— Exercise brief —
Consider the listing below. Extract exactly the lines from the line containing "5 steps to creating" to the line containing "CCPD Recruitment Campaign Can Be Seen", both included.

*** Data under study

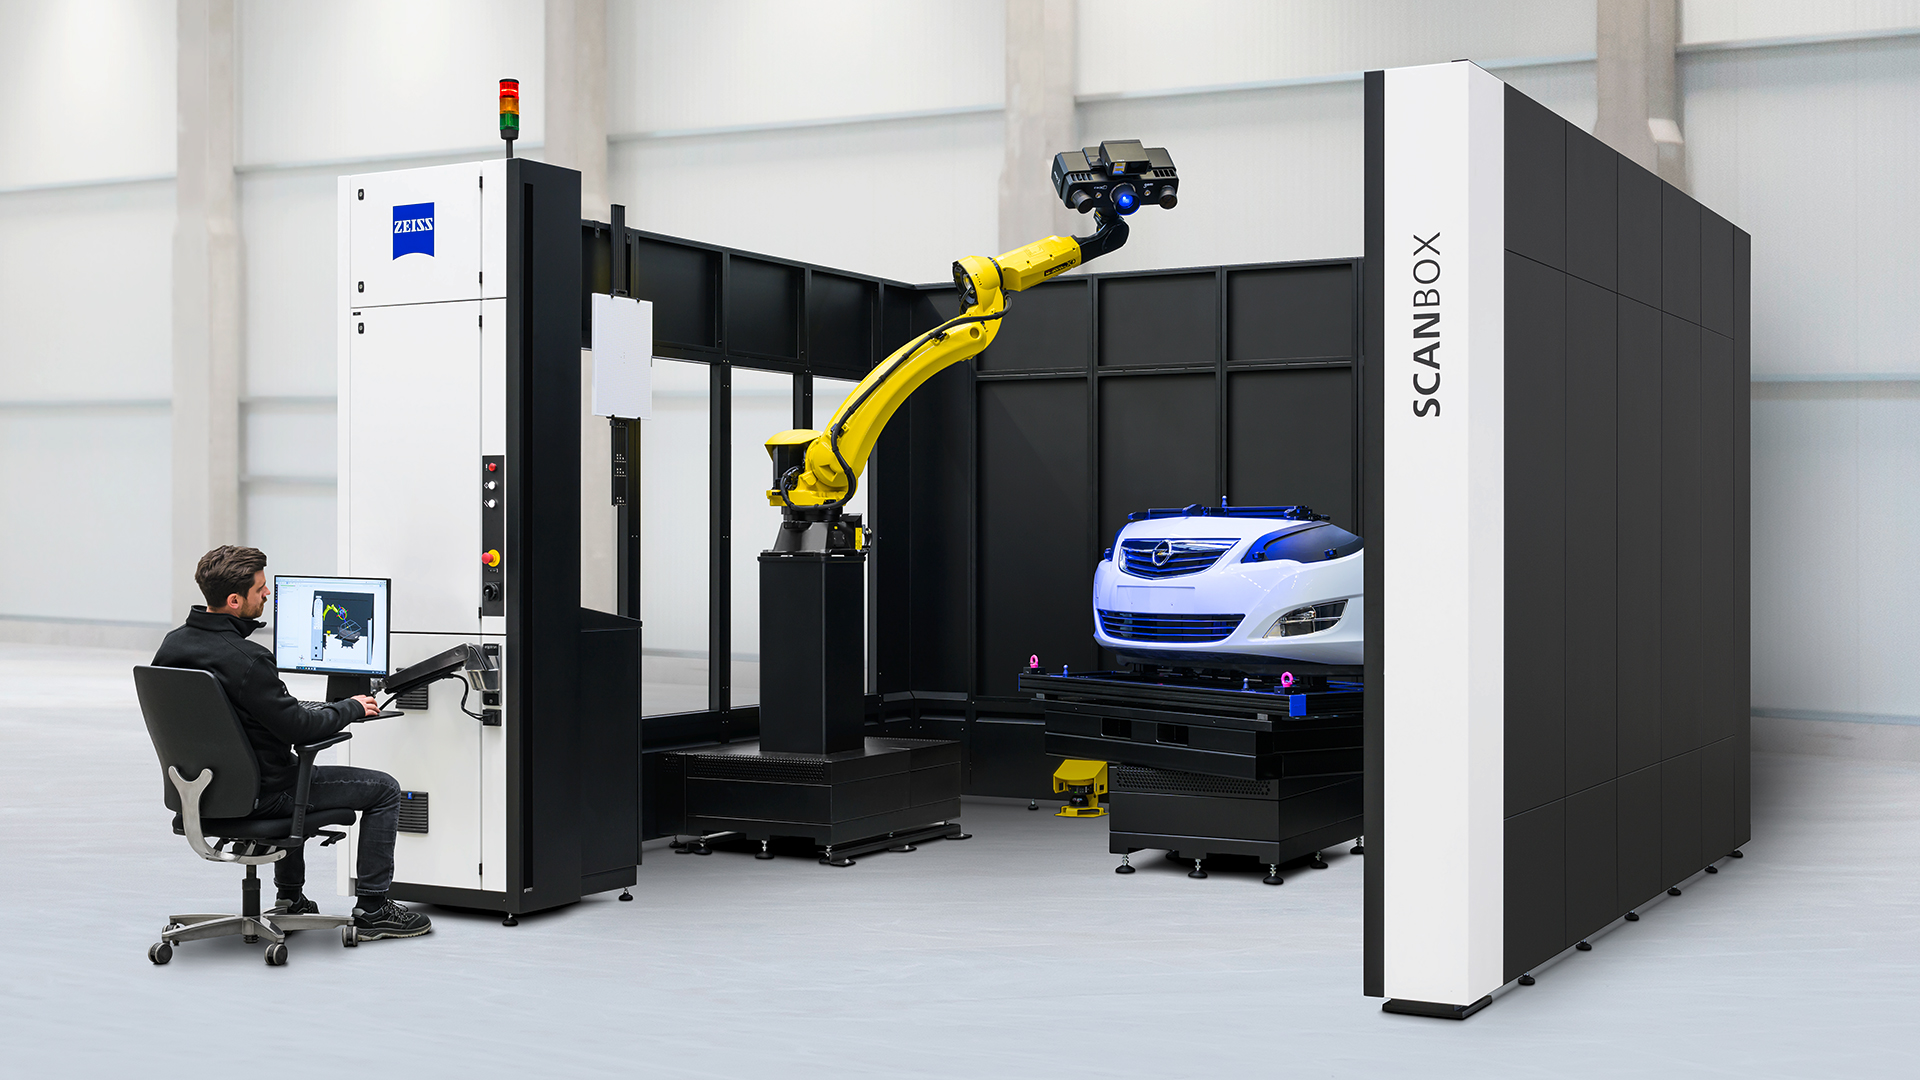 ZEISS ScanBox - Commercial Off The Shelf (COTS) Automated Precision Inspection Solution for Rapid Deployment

******
*** Data under study

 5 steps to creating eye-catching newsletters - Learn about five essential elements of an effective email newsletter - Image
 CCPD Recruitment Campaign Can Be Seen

******

— Task answer —
 5 steps to creating eye-catching newsletters - Learn about five essential elements of an effective email newsletter - Image
 CCPD Recruitment Campaign Can Be Seen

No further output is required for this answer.